Applicable scenarios:
1) Frequently updated tables, suitable for handling multiple concurrent update requests.
2) Support affairs.
3) It can be recovered from a disaster (via bin-log, etc.).
4) Foreign key constraints. Only he supports foreign keys.
5) Support for automatically adding column attribute auto_increment.

1.1.3. TokuDB (Fractal Tree-node with data)
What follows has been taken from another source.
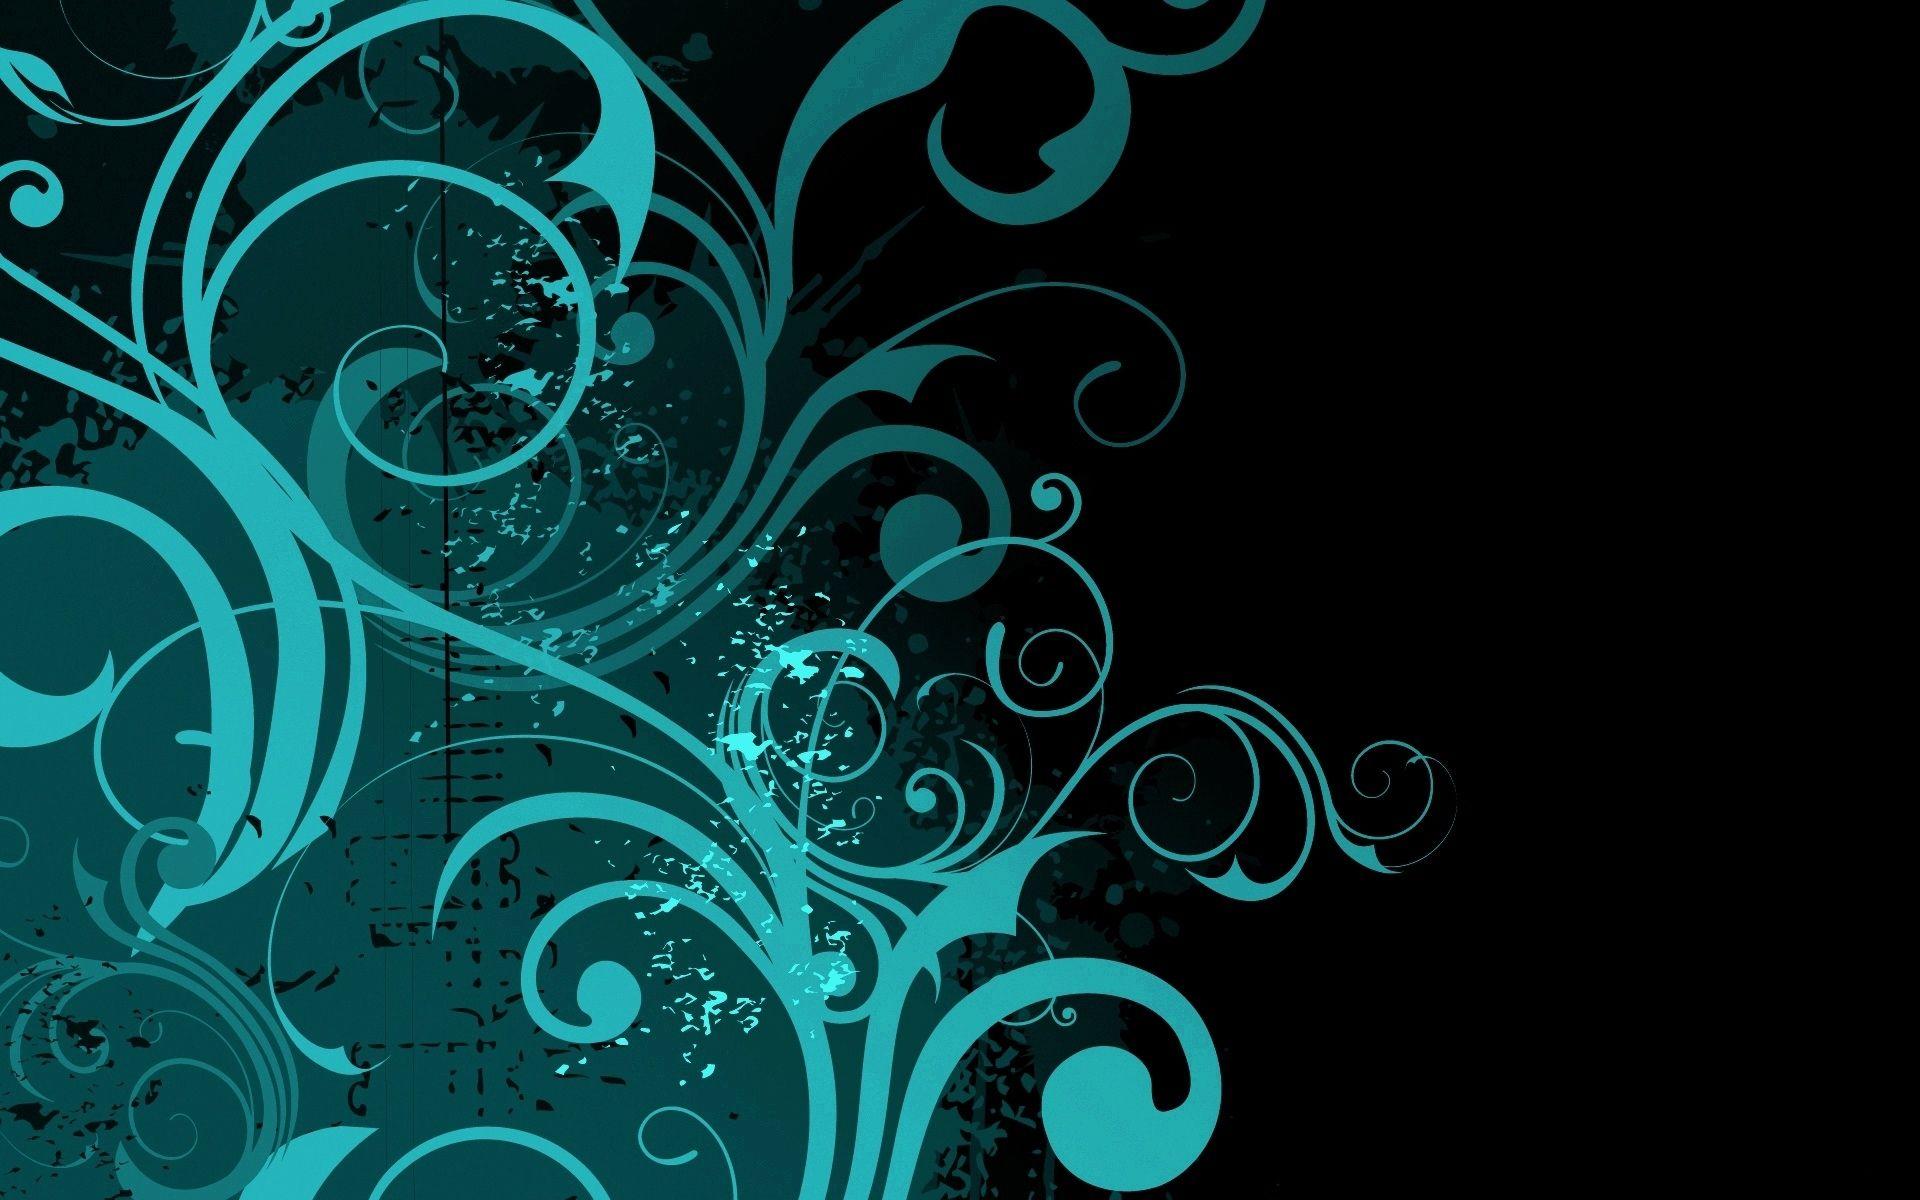 Cool Abstract Flower Wallpaper Hd

TokuDB underlying storage Fractal Tree structure, somewhat similar Fractal Tree and B + tree structure, in the Fractal Tree in 每一个 child 指针除了需要指向一个 child 节点外,还会带有一个 Message Buffer ,这个Message Buffer 是一个 FIFO 的队列,用来缓存更新操作.
For example, an insert operation only needs the Message Buffer that falls on a certain node to return immediately, without the need to search for leaf nodes. These cache updates will be asynchronously merged and applied to the corresponding nodes during query or in the background.
Insert picture description here

TokuDB adds indexes online, does not affect read and write operations, and has very fast write performance. Fractal-tree has advantages in transaction implementation. It is mainly suitable for archiving data or historical data that is not frequently accessed.

1.1.4. MyIASM

MyIASM is the default engine of MySQL, but it does not provide support for database transactions, nor does it support row-level locks and foreign keys. Therefore, when INSERT (insert) or UPDATE (update) data, write operations need to lock the entire table, which is efficient It will be lower.
ISAM is executed 读取操作的速度很快without taking up a lot of memory and storage resources. At the beginning of the design, it was envisaged that the data was organized into fixed-length records and stored in order. —ISAM is a static index structure.
缺点是它不 支持事务处理.

1.1.5. Memory

Memory (also called HEAP) heap memory: Use the content stored in memory to create a table. Each MEMORY table actually corresponds to only one disk file. MEMORY type table access is very fast, because its data is placed in memory, and the HASH index is used by default. But once the service is closed, the data in the table will be lost. Memory 同时支持散列索引和 B 树索引,B树索引可以使用部分查询和通配查询, you can also use operators such as <,> and >= to facilitate data mining. The hash index is equal faster but the range is much slower.

1.2. Index

Index is a data structure that helps MySQL obtain data efficiently. Common query algorithms, sequential search, binary search, binary sort tree search, hash hash method, block search, balanced multi-way search tree B-tree (B-tree)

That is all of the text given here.